6.       Dog Fight.Dogfights are unfortunately an inevitable and very dangerous occurrence which can easily result in injury to an animal handler.One should never rush in alone and attempt to grab and pull apart dogs involved in a fight.When a fight breaks out, dogs go into a high "fight drive" state and are not thinking clearly.Even the sweetest of dogs is likely to turn and bite if grabbed while in this state, without even realizing who or what he or she is biting at.

          A.       The following are guidelines for breaking up a dogfight:

                              i.        The safest way to break up a dogfight requires two (2) handlers (or one for each dog involved);

                            ii.        Each handler shall quickly choose a dog and grab it by the rear ankles; avoiding the head and teeth;

                          iii.        Each handler shall then lift his or her chosen dog up by the rear legs like the handles of a wheelbarrow;

                          iv.        With the legs up, the handlers shall the pull both dogs apart;

                            v.        The handlers shall immediately separate the dogs from each other into separate enclosures; and

                          vi.        While being pulled apart in this wheelbarrow position, the handlers shall steer each dog side-to-side.By moving side-to-side the dog will have to sidestep with his or her front feet to avoid falling on his or her chin.This technique will keep the dog off-balance, and will stop him or her from turning back to bite the handler.

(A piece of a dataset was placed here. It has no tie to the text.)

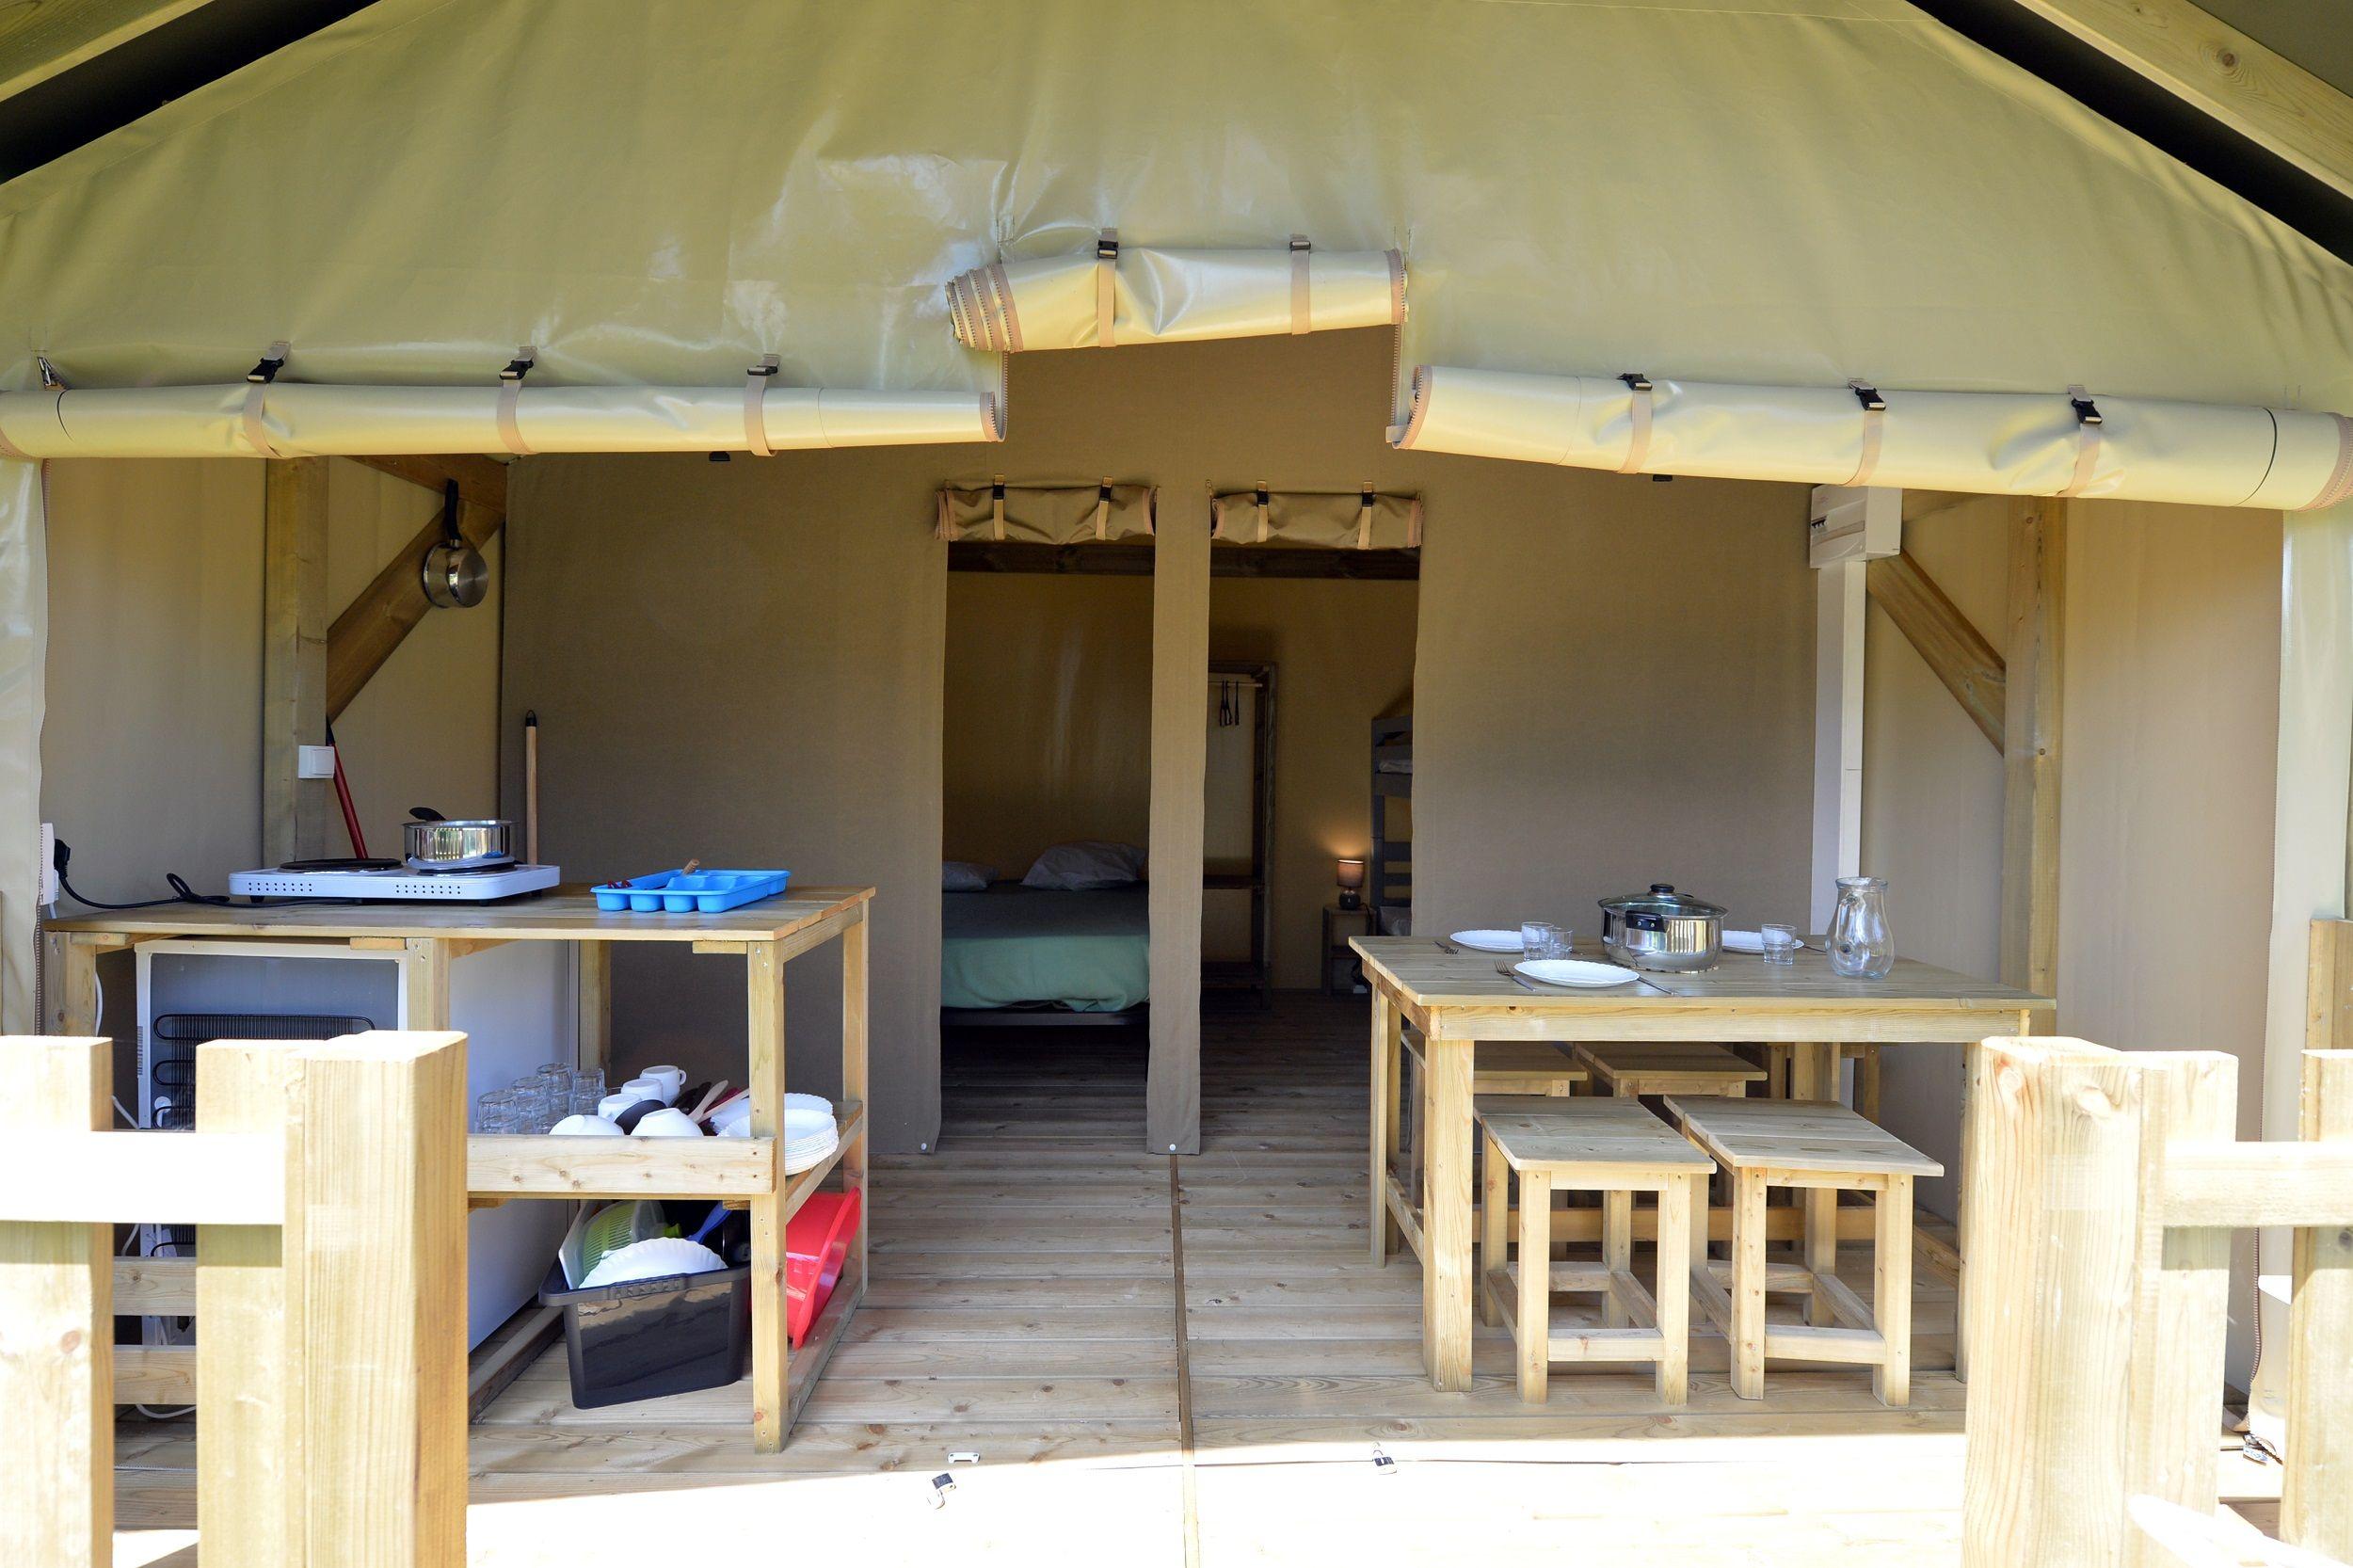 la-tente-cambodgia | Camping le Tindio

          B.       The following are guidelines for an animal handler in the event that he or she is alone when a serious dogfight breaks out.

                              i.        The handler shall remain cool headed and focused on the job at hand;

                            ii.        The handler shall not waste time screaming or yelling at the dogs involved, as this is rarely effective;

                          iii.        The handler should have a leash or slip-lead on hand, if not, the handler shall quickly retrieve one (unfortunately, the fight will have to continue while this is done);

                          iv.        Dogs in a fight are almost always locked onto one another, face-to-face;

                            v.        The handler shall approach one of the dogs from the rear and loop one end of the leash around beneath the back loin of the dog;

                          vi.        The handler shall then thread and pull the leash snug (standard application of a slip-lead);

                        vii.        The handler shall then slowly back away, dragging the dog to a fence or other stationary object that a leash can be tied to.By doing this, the handler effectively creates an anchor for one of the dogs;

                      viii.        The handler shall keep in mind, the other dog will likely follow and the fight will continue up to this point;

                          ix.        The handler shall then quickly approach the untied dog and perform the wheelbarrow maneuver; grabbing the dog by the rear ankles and separating him or her from the tied dog;

                            x.        The handler shall remember the importance of turning back and forth and keeping the dog off balance during this maneuver;

                          xi.        The handler shall pull the dog into a separate before releasing him or her; and

                        xii.        The other dog shall not be left tied for long, the handler shall untie and secure the dog in a separate enclosure as soon as possible.

          C.       If two (2) dogs are observed squaring off with one another (i.e. one [1] dog with stiff legs and tail straight up in the air putting his head over the shoulders of the other to show dominance; while the other is possibly even growling or showing teeth), staff shall not over react and assume a fight is about to occur.

                              i.        Attempting to intervene by yelling, for example, before a fight has begun, may in fact trigger a fight.

                            ii.        Body posturing is common amongst newly introduced dogs, and is often actually an alternative to fighting rather than a precursor to a fight.